Herman Melville begins Moby Dick in a fairly similar way to how Poe started The Narrative of Arthur Gordon Pym, where the narrator introduces the reader to a written account of their past experiences: spirited adventures that were inspired by a passion for the sea. Poe writes of Pym’s oceanic desires when stating: “I never experienced a more ardent longing for the wild adventures incident to the life of a navigator” (13). Melville seems to be commenting on the collective human aspect of Pym’s yearning when Moby Dick’s narrator Ishmael states: “Why is almost every robust healthy boy with a robust healthy soul in him, at some time or other crazy to go to sea?” (19). Ishmael actually spends the entirety of chapter one describing this magnetic, even magical, pull that the ocean has over human life. Through his descriptions, Ishmael makes it seem like there is some type of metaphysical component connecting humans to water, an inherent desire that attracts us all to the ocean at some point in our lives.
As a New England native, I can attest to this belief, having spent the majority of my summers either on the beaches of Rhode Island or Cape Cod. Many memories of my childhood are engulfed with the images of beach scenery, and even as I grow older, my admiration for the ocean seems to only grow stronger. To most, life by the water is picturesque, since it is a life of leisure. We venture to the ocean for a chance to relax, to marvel at the beauty of the world around us, to allow the melody of the reverberating waves soothe away the shrilling noise of our everyday life. Like Ishmael says: “Yes, as everyone knows, meditation and water are wedded for ever” (19).

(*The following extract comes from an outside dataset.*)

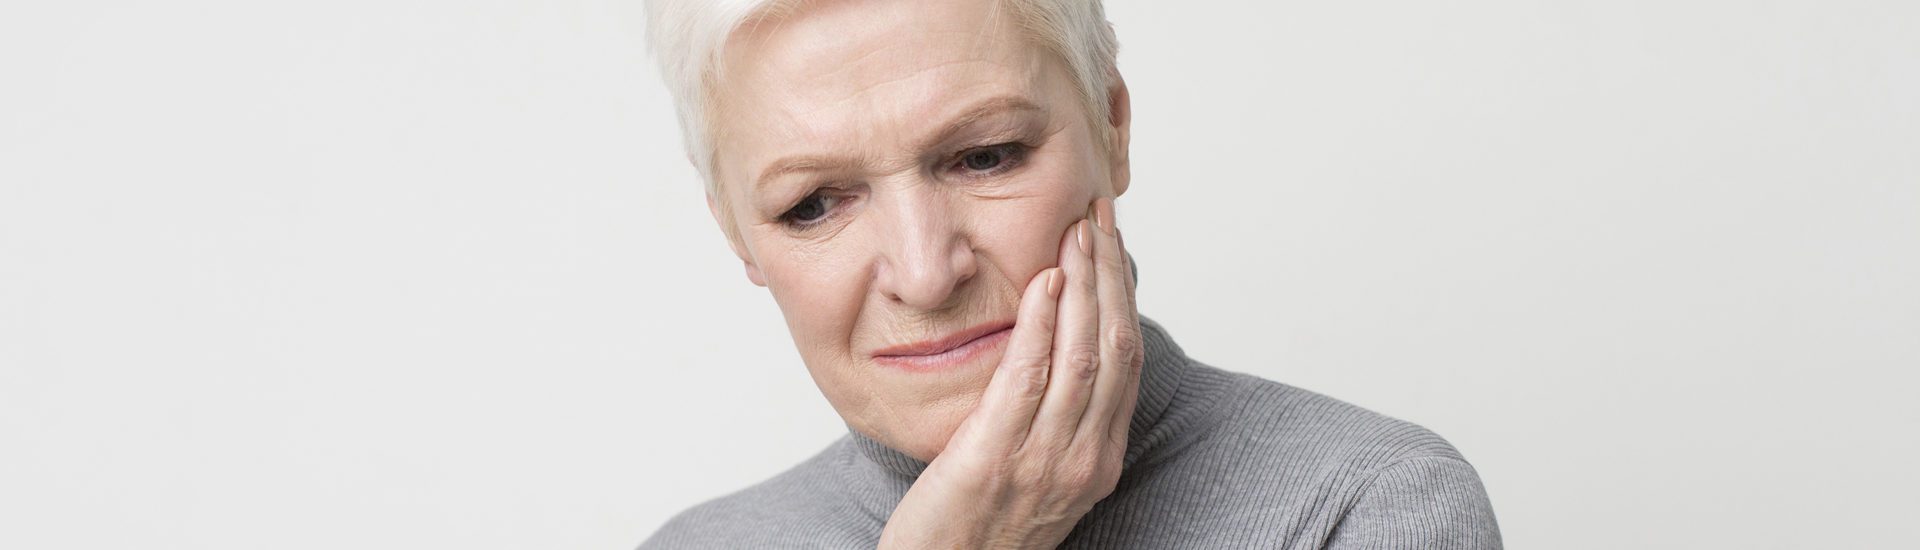 Terrible Jaw pain required TMJ Treatment

Yet, Ishmael is not specifically drawn towards this serene essence of ocean life; his longing for the sea derives from an underlying urge for pure adventure: “I am tormented with an everlasting itch for things remote” (22). Like Pym, Ishmael wishes to escape to the water as a way to transform the mediocrity living of his life into a soulful voyage of time. He does not want to be a mere passenger of a ship (or of his dreams), he wants to be a sailor, actively participating in the action and excitement aboard a whaling vessel. A character fully invested in taking advantage of the present moment, Ishmael represents a youthful and eager spirit wishing to seize control of the fate of one’s own life. With his adventurous fortitude, Ishmael does not seem to see the temporality to one’s dreams or the incessant hold that destiny has over humanity. When presented with the memorial tablets of lost shipmates, Ishmael reflects: “Methinks we have hugely mistaken this matter of Life and Death. Methinks that what they call my shadow here on earth is my true substance.” (45). Clearly noted as a man skeptical of religion, Ishmael does not consider a life after death, and therefore pays no mind to the outcome of his voyage, or what destiny may have in store for him. He continues: “Methinks that in looking at things spiritual, we are too much like oysters observing the sun through the water” (45). Rather than maintain a life of idle stature, staring hazily into the eyes of religion for a sign of direction, Ishmael decides to be the navigator of his own agency and use the will of his adventurous soul as his only source of guiding inspiration.